Final answer:
The velocity of a person falling from a 10 m high platform 2.21 m above water can be found using the conservation of energy. After calculation, the speed is approximately 11.26 m/s, which does not match the provided options.
Step-by-step explanation:
To determine the speed of a person falling from a platform before reaching water, we use the principles of kinematics. The energy conservation equation states that the sum of potential energy and kinetic energy is constant for a falling body in the absence of air resistance. When the person jumps from a platform, their potential energy is converted to kinetic energy as they fall. The potential energy (PE) at a height (h) is given by PE = mgh where m is the mass of the person, g is the acceleration due to gravity (9.81 m/s²), and h is the height above the ground. The kinetic energy (KE) of a moving object is given by KE = ½mv², where v is the velocity. At the moment the person is 2.21 m above the water, we know their potential energy (at that height) and we can equate it to her kinetic energy to find out her speed.

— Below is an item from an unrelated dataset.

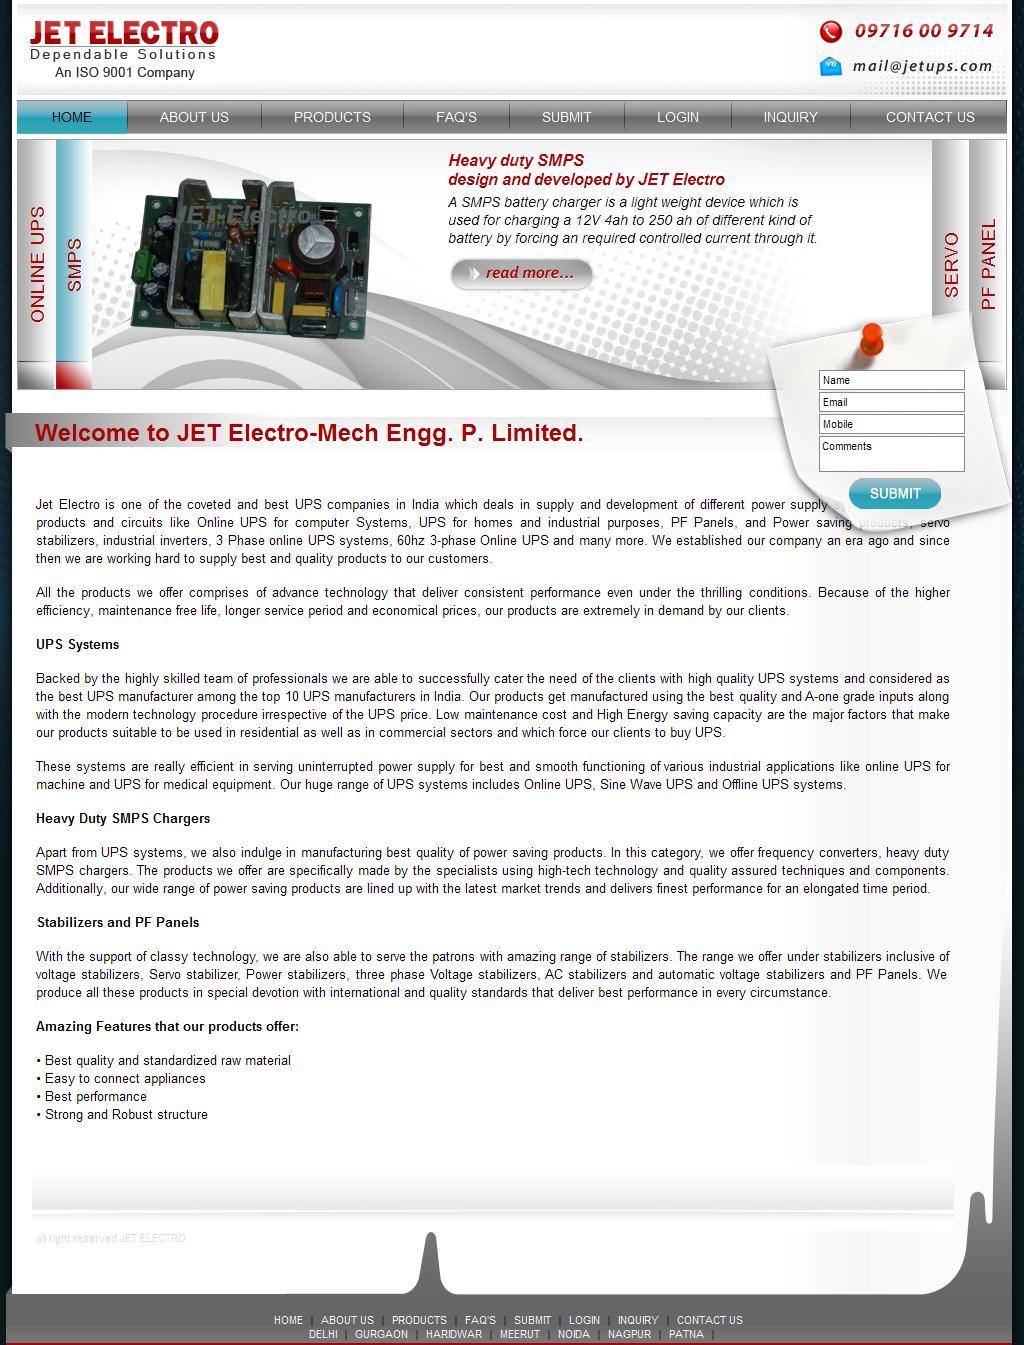 JET-Electro : UPS Delhi, UPS & SMPS Manufacturer, Online UPS Distributor Company   Noida, Gurgaon, Ghaziabad, Sahibabad, Faridabad, Meerut, Patna & Nagpur

Let's calculate the initial potential energy at the 10 m platform and the potential energy at 2.21 m:
- Initial PE at 10 m: PE = mgh = 56 kg × 9.81 m/s² × 10 m
- PE at 2.21 m: PE = mgh = 56 kg × 9.81 m/s² × 2.21 m
Now, we calculate the kinetic energy at 2.21 m using the conservation of energy:
Initial PE at 10 m - PE at 2.21 m = KE at 2.21 m
KE at 2.21 m = ½mv²
By solving this equation, we can find the speed v.
After completing the calculations, we arrive at the answer that the person's velocity at 2.21 m above the water is approximately 11.26 m/s. However, none of the provided options exactly match this calculated value.